=== Task directions ===
With pictures excluded, give again exactly the lines running from the one holding "2 Bedroom Oceanview" through the end of the listing below.

***** Information provided

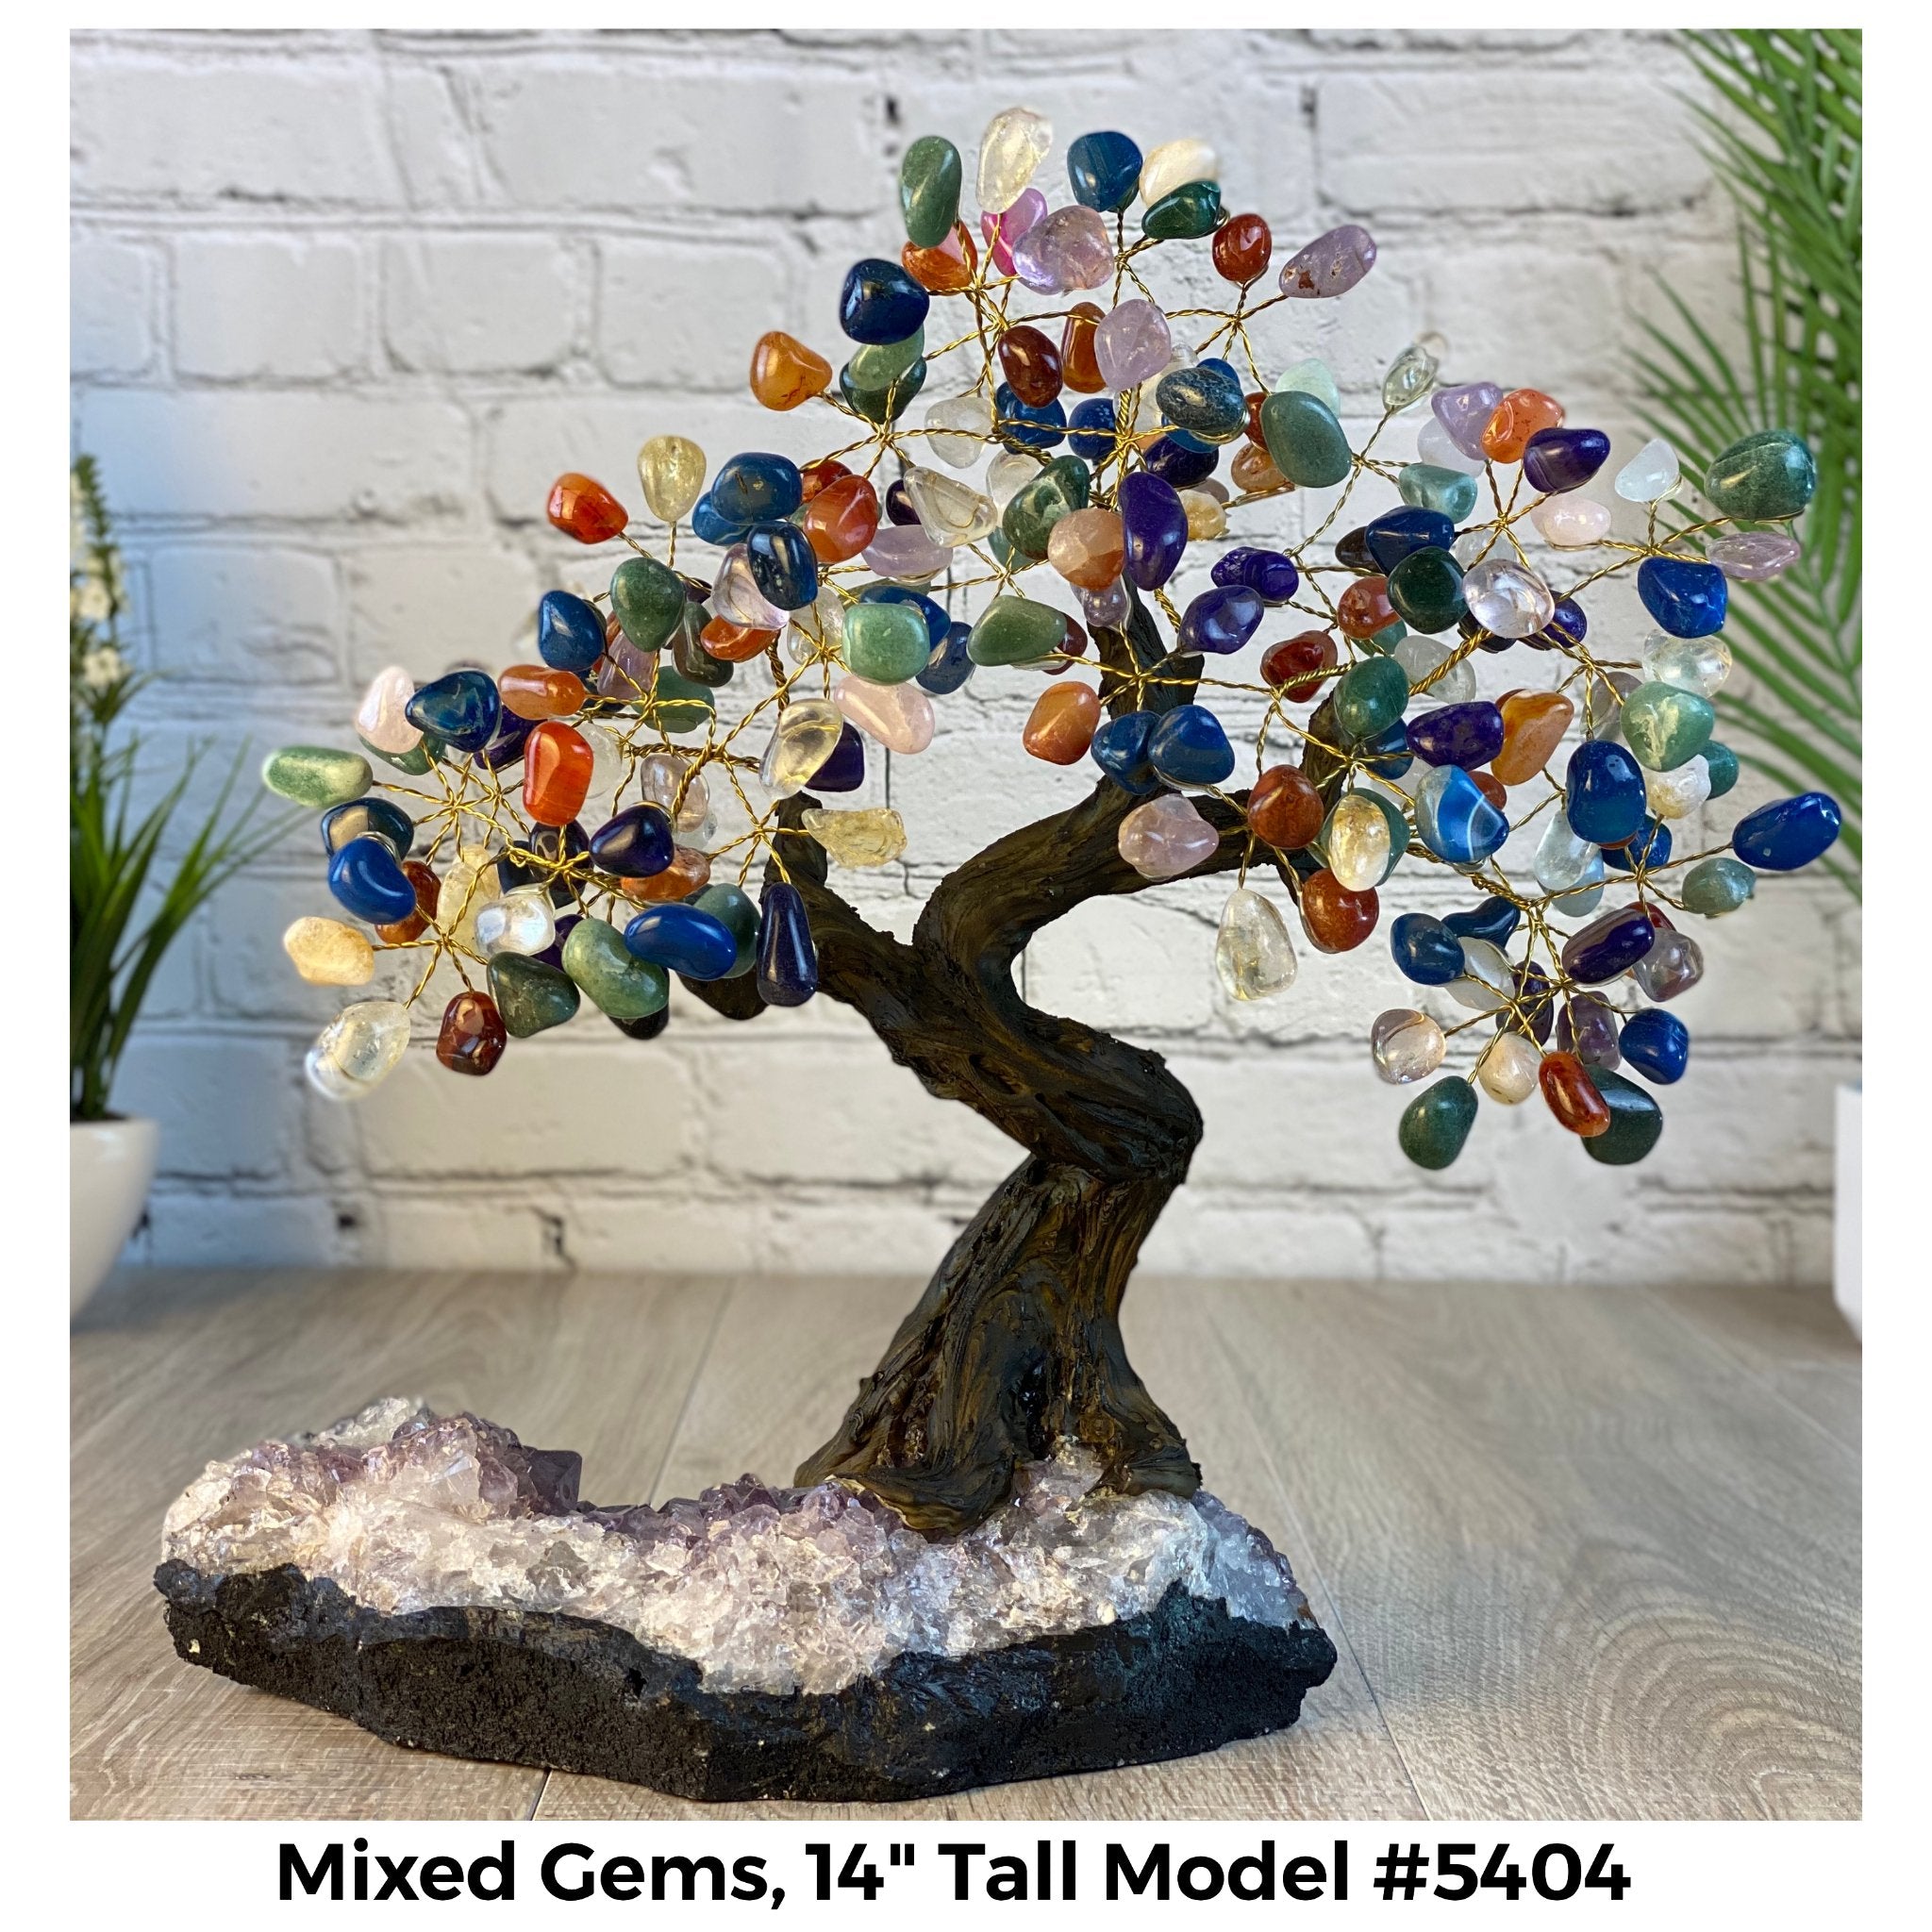 Mixed Gems 14" Tall Handmade Gemstone Tree on a Crystal base, 180 Gems #5404MIXD - Brazil GemsBrazil GemsMixed Gems 14" Tall Handmade Gemstone Tree on a Crystal base, 180 Gems #5404MIXDGemstone Trees5404MIXD
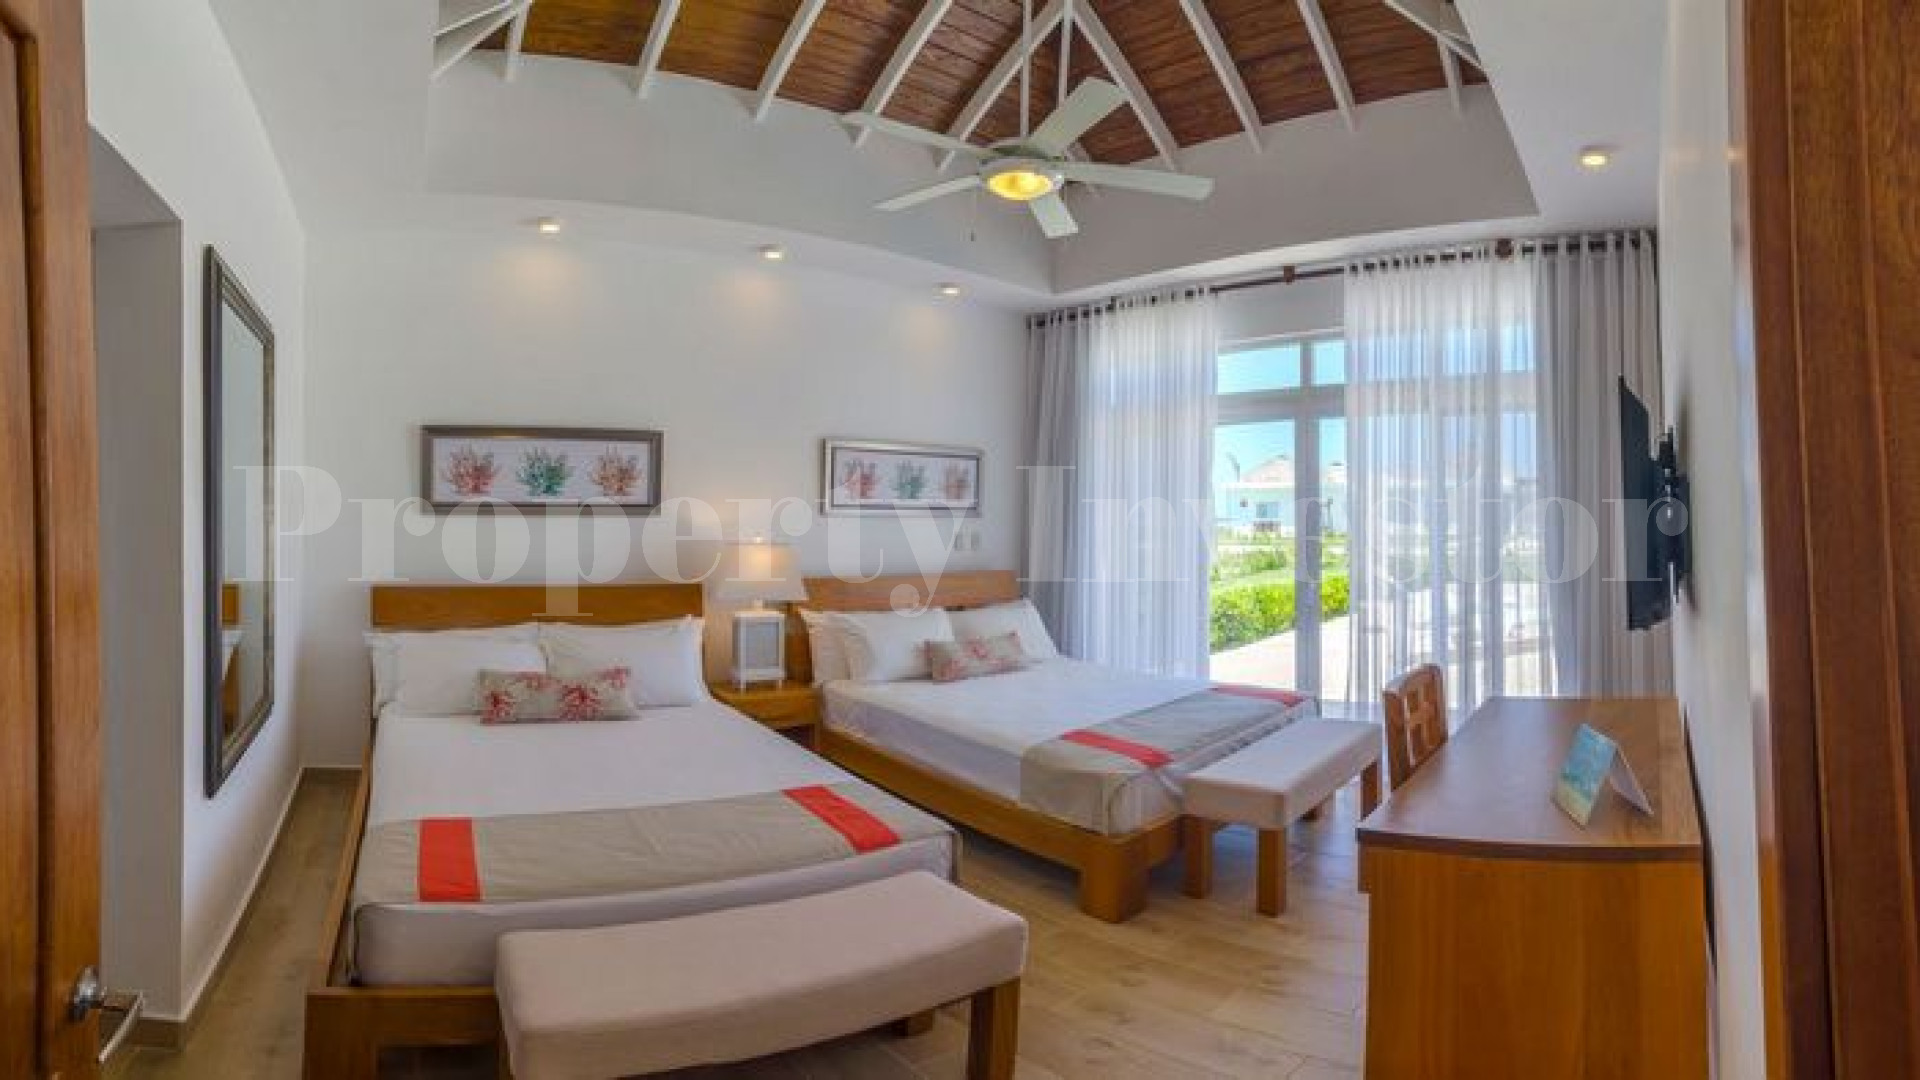 2 Bedroom Oceanview Villa in the Dominican Republic with 30 Year Financing (Villa 13)
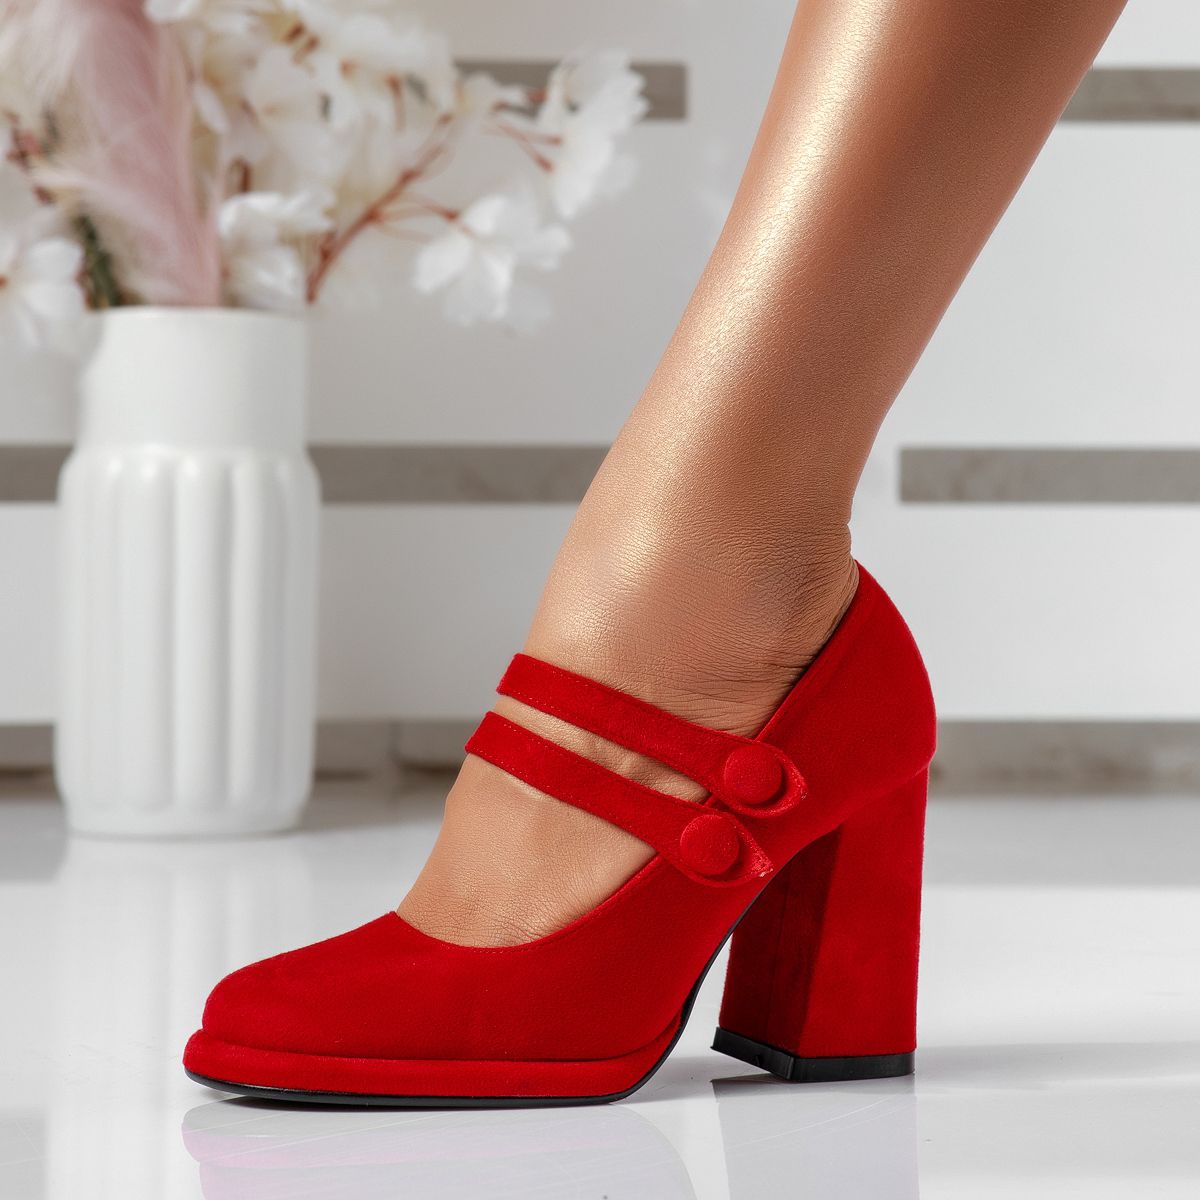 Pantofi Dama cu Toc Amelia2 Rosii #16679

**********

=== Result for this task ===
 2 Bedroom Oceanview Villa in the Dominican Republic with 30 Year Financing (Villa 13)
 Pantofi Dama cu Toc Amelia2 Rosii #16679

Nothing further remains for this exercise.